Balmedie Beach

We had a superb day today. We booked one of the Co-wheels cars to try out and went to Balmedie Beach where I went for a swim in the North Sea.

We drove one of the electric cars parked very close to our home. We have a swipe card which unlocks the car from 5 minutes before the time of our booking. Ben and I are mechanically challenged and we spent a good 5 minutes rummaging through the glove box in search of the key to start it. According to the guide the keys are supposed to be in the glove box. Well, it turns out that’s just for the petrol cars. Electric cars don’t have a key as they have a push-button start. Eventually we figured this out and were able to get the car to start moving.

It felt a bit like driving a dodgem car, but without the banging into things of course, as there are no gears, no clutch and not even a proper ignition. It was very easy to drive though, very quiet and very smooth. It even came with some CDs which meant I got to boogie along to the Spice Girls which Ben was not so happy about. It’s terrific to be able to have the use of car whenever we want. The car was also very clean and it’s nice knowing we don’t have to worry about the servicing and general maintenance of it.

We went to Balmedie Beach which is only about 10 miles north of Aberdeen. It was beautiful. Golden sand for miles and miles and dramatic sand dunes along the shoreline. It reminded me a bit of Fraser Island in Queensland but much colder. The air temperature was about 7°C and the water temperature about 6°C.






For some very strange reason I have been wanting to swim in the North Sea for a little while now. I’m not sure why. I think the only reason is so that I can say I’ve done it and then blog about it 🙂 Fortunately there are no sharks or jellyfish here and I didn’t plan to go out very far so the risk of doing a Harold Holt was slim. Harold Holt was an Australian Prime Minister in the 1960s who went swimming at Cheviot Beach in Victoria and disappeared, never to be seen again. They never found his body.

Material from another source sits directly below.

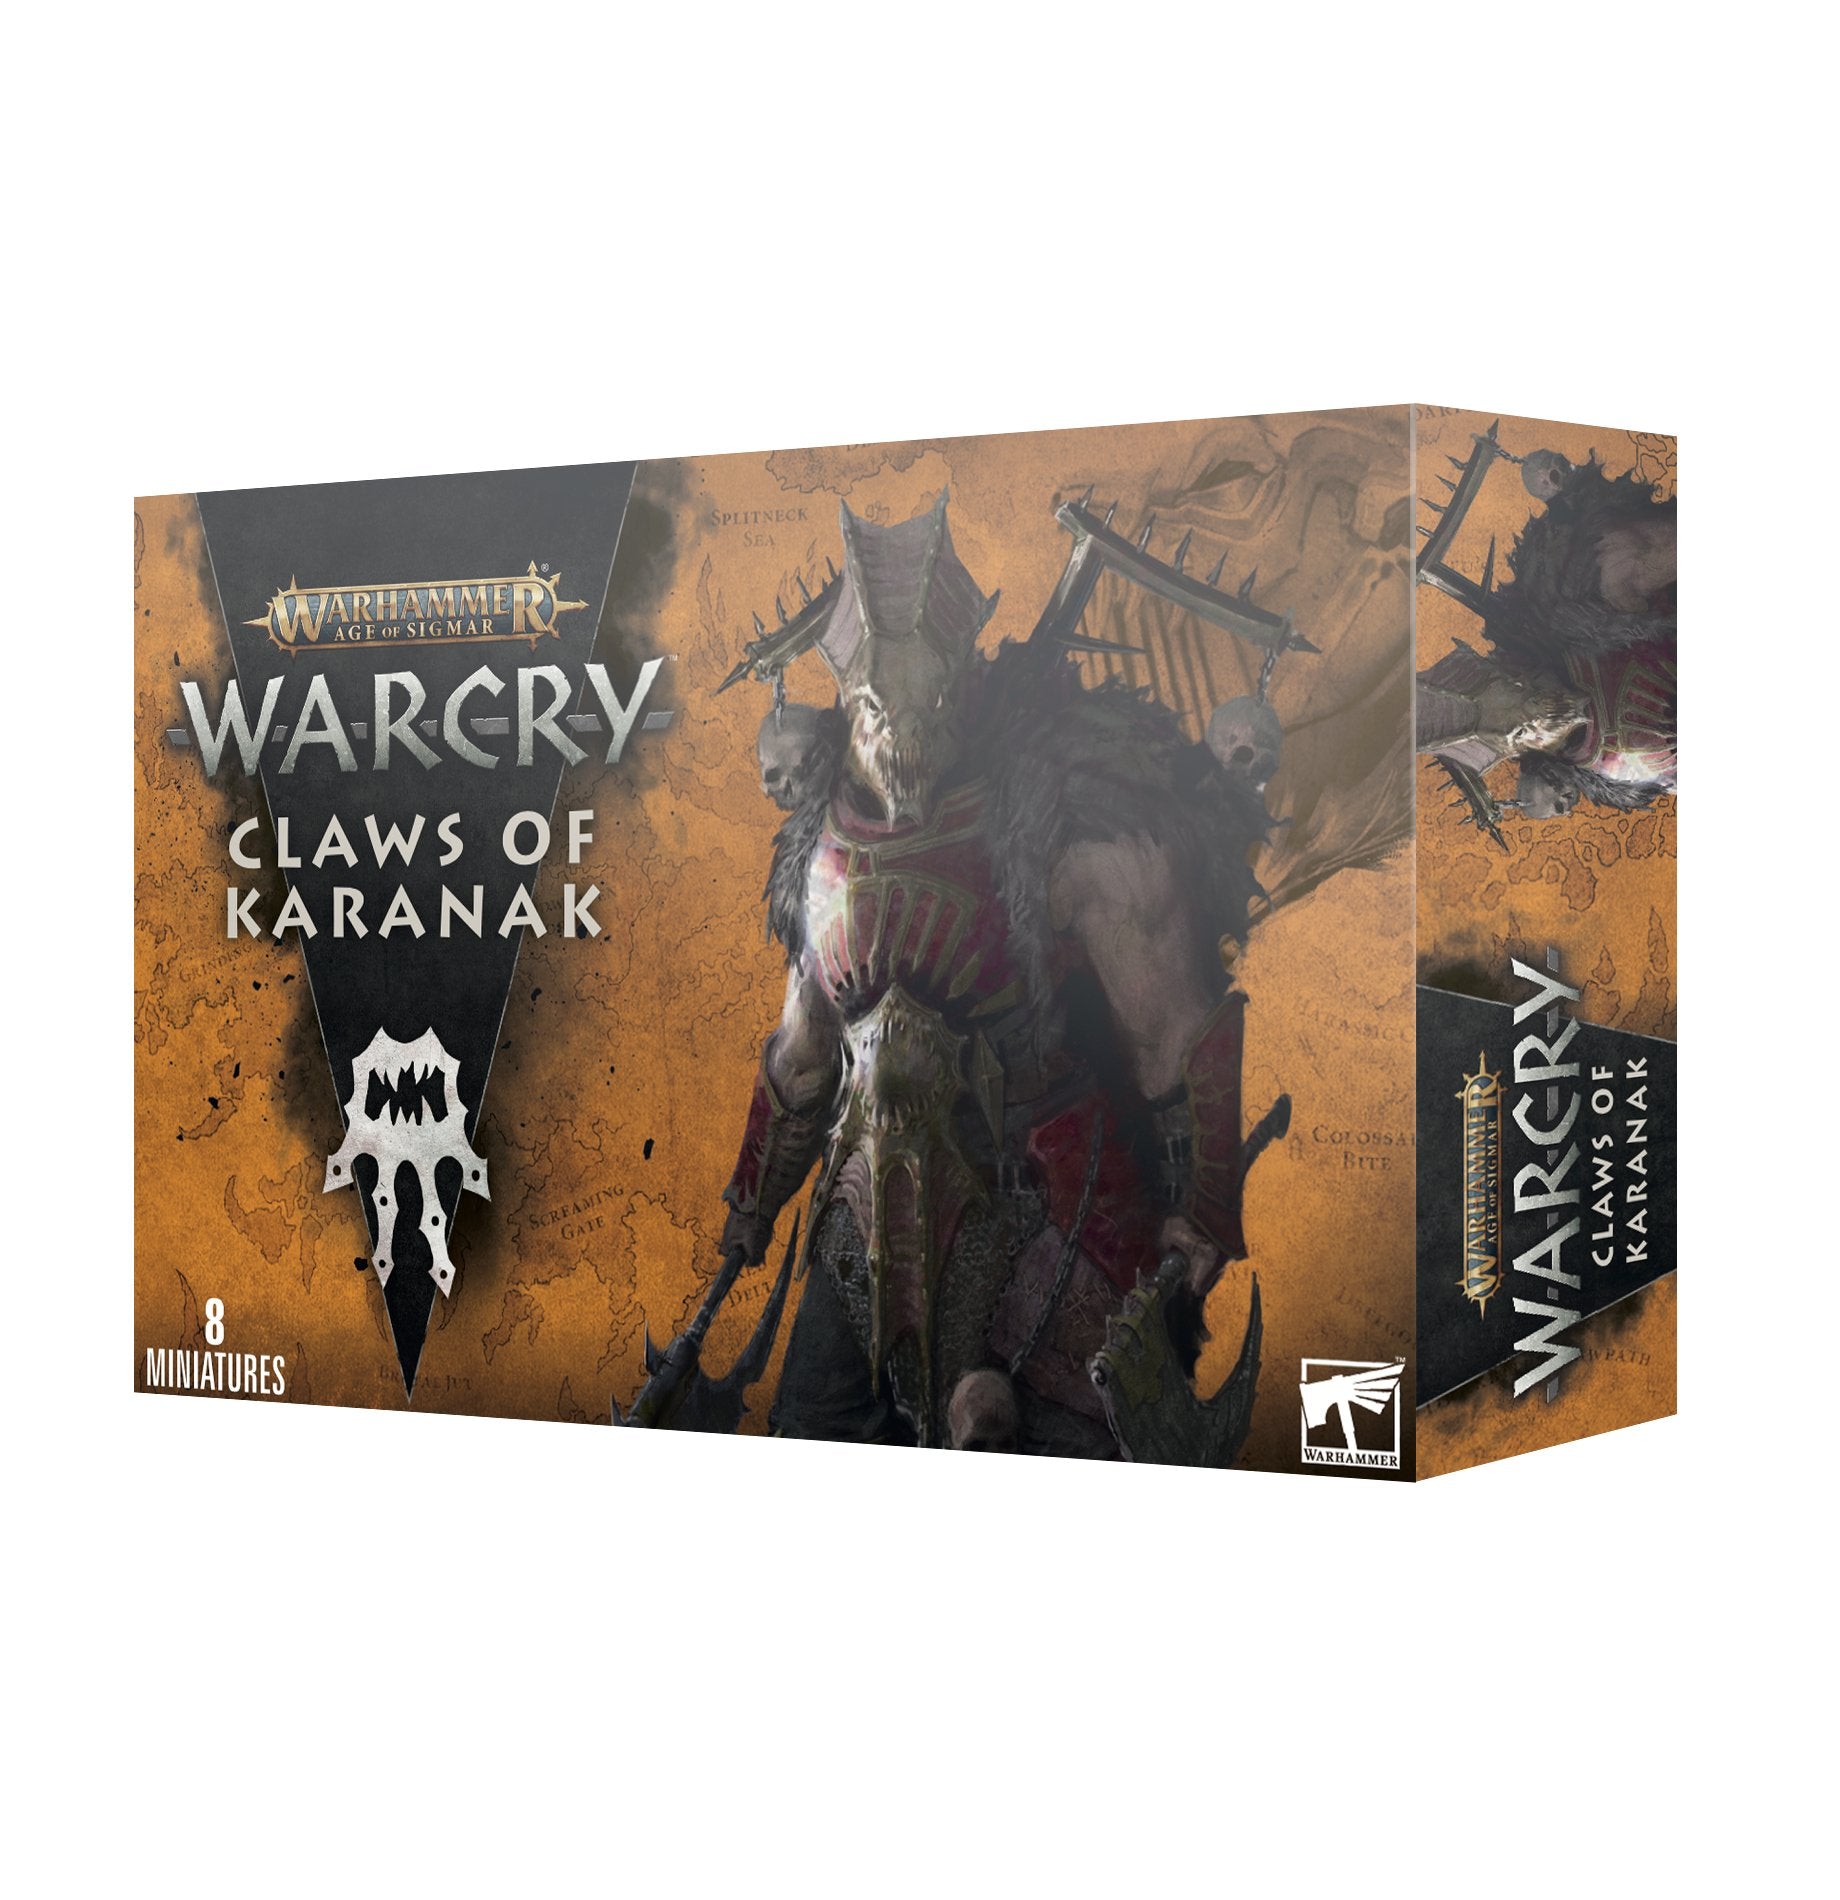 a box of war cry claws of karanark

Ben took lots of photos and a video just to prove I did it.







It was invigorating. I can see why people do it. I felt great afterwards and when I first got out I felt really warm. Although having said that, please excuse my language here, but it was fucking freezing and I’m not sure if or when I’ll do it again.

The kids really enjoyed the beach. They always love it even when they don’t swim. We went for a little wander and then had lunch and a hot drink at the nearby Beach Cafe which was very nice.



35 responses to “Balmedie Beach”

  1. Absolutely nuts! 🙂

    I really liked this post. You are one tough lady. I have trouble getting into the water at the cottage in July.

    This shared car experience is growing. I cycle past a new offering here in Vancouver catering to cyclists called Evo ( that features colour coordinated bike racks. I don’t think the cars are electric (that’s a good idea) but they are small.

    Nice post. 🙂

    1. Yeah, I’m nuts 🙂

      The Evo cars look very nice. It’s such a good idea, particularly when you live somewhere which doesn’t require everyday use of a car.

  2. Hey, we would have believed you!! You didn’t have to post pictures as proof!!! (Yeah sure!! )

    1. My grand kids might want to see the proof in 50 years’ time when I’m old and frail 🙂

      1. I understand about the old and frail… 😦 I have no grand kids so needed no proof. 🙂

  3. Very impressed you going into the sea without a wetsuit. I use a 5/4mm with boots, gloves and helmet for surfing down here in Cornwall. Sea temp a balmy 9.3C 🙂

    Check out the surf report for Aberdeen and sea temps throughout the year

    If you have not already planned on doing so, I’d recommend wetsuits and boots for your children for the summer months (and for yourselves as well!).
    Wave measurements are available from

    In the meantime, this is what surfing in warm water is like:


    1. I see the water temperature doesn’t change very much throughout the year with a top of about 15° in August. That’s still pretty cold.

      Wow, that woman surfing on the Gold Coast is fantastic. I’ve never been surfing before but I’m a little bit curious to try it. Maybe one day.

      1. Water temps in Cornwall don’t get much above 16C in a normal summer but can reach 20C in a hot summer and the tide coming in over warm sand.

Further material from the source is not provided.